ところが住宅産業の場合、この分野が殆ど手付かずと言うのが現状なのです。
これは業界の体制の違いというところにも起因していると思います。
自動車産業は大手メーカー数社によって構成されています。
その数社が率先して取り組めば業界全体ということになりますが、住宅業界はそういうわけには行きません。
大手メーカーさんの占める割合はそれほど大きくなく、中小のビルダー、工務店から建築屋さん、設計事務所など・・・
その数、体系は無数になってきます。
しかし、次の世代に『負の遺産』を残さないと言うのは、我々が真剣に取り組むべき課題で、そういう意味では、お客様も当然同じ責務があると思います。
これまで普通に使われてきた「アスベスト」などは今になって「とんでもない」という位置づけになりました。
実際にアスベストを処分する時には、細かい提出資料の他に多額の費用を払って処分します。
2020年以降は、現在なにも考えずに建ててしまった、建てようとして見える方が、同じ扱いになってしまうのではないかという懸念もあります。

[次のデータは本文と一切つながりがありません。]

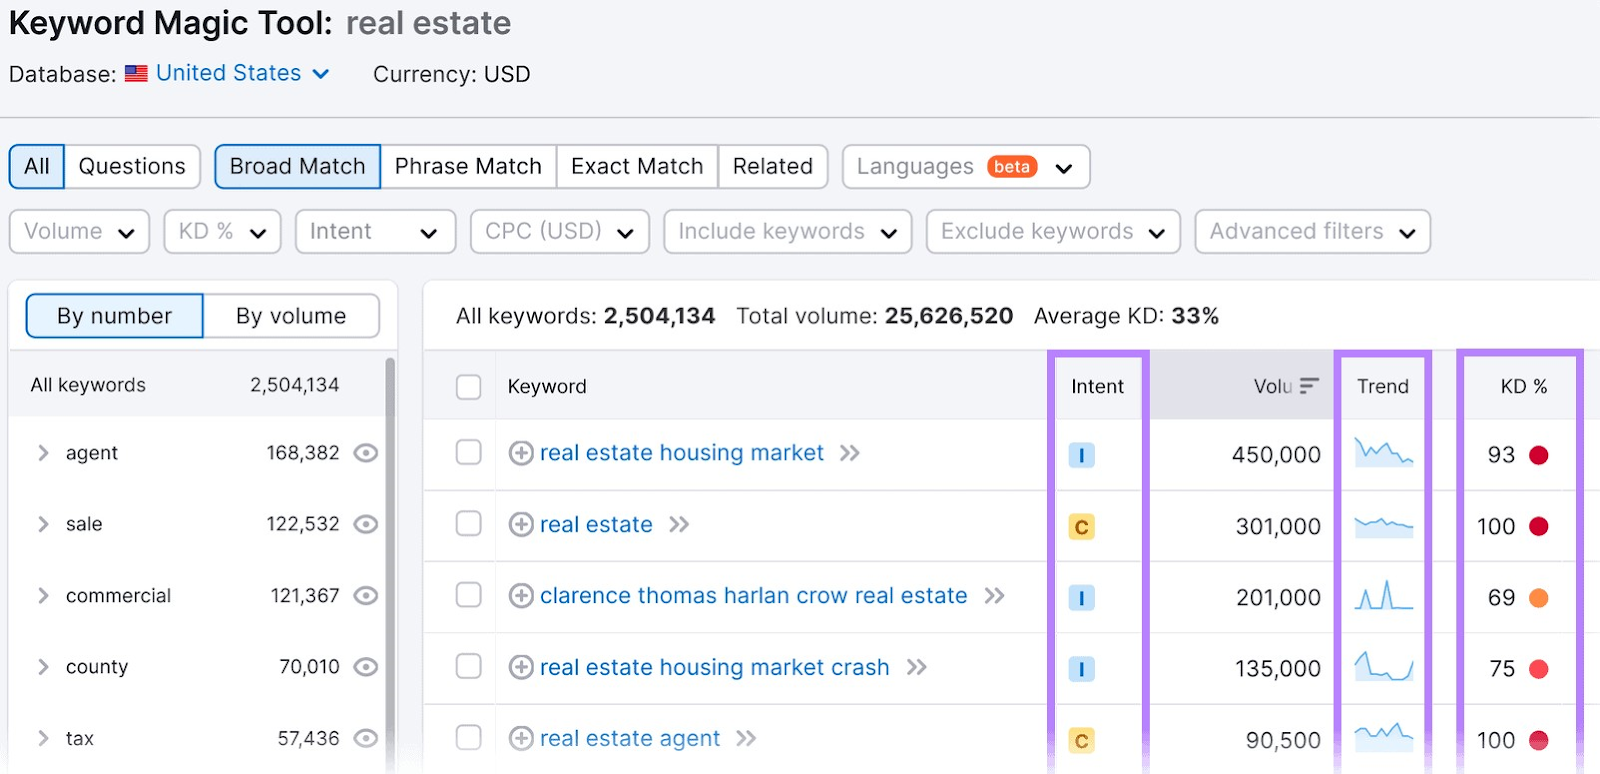 Keyword Magic Tool results for "real estate" with key metrics highlighted

もうそろそろ、他人任せではなく自分の家のことは自分で心配するという意識が定着してもいいのではないかと思います。
本当のエコとはランニングコストが安いとか初期投資が少なく済むとかではなく、『負の遺産』を残さないと言うことではないかと思います。
今我々が考えずに誰が考えるのか?
弊社ではその辺りを切に訴えかけております。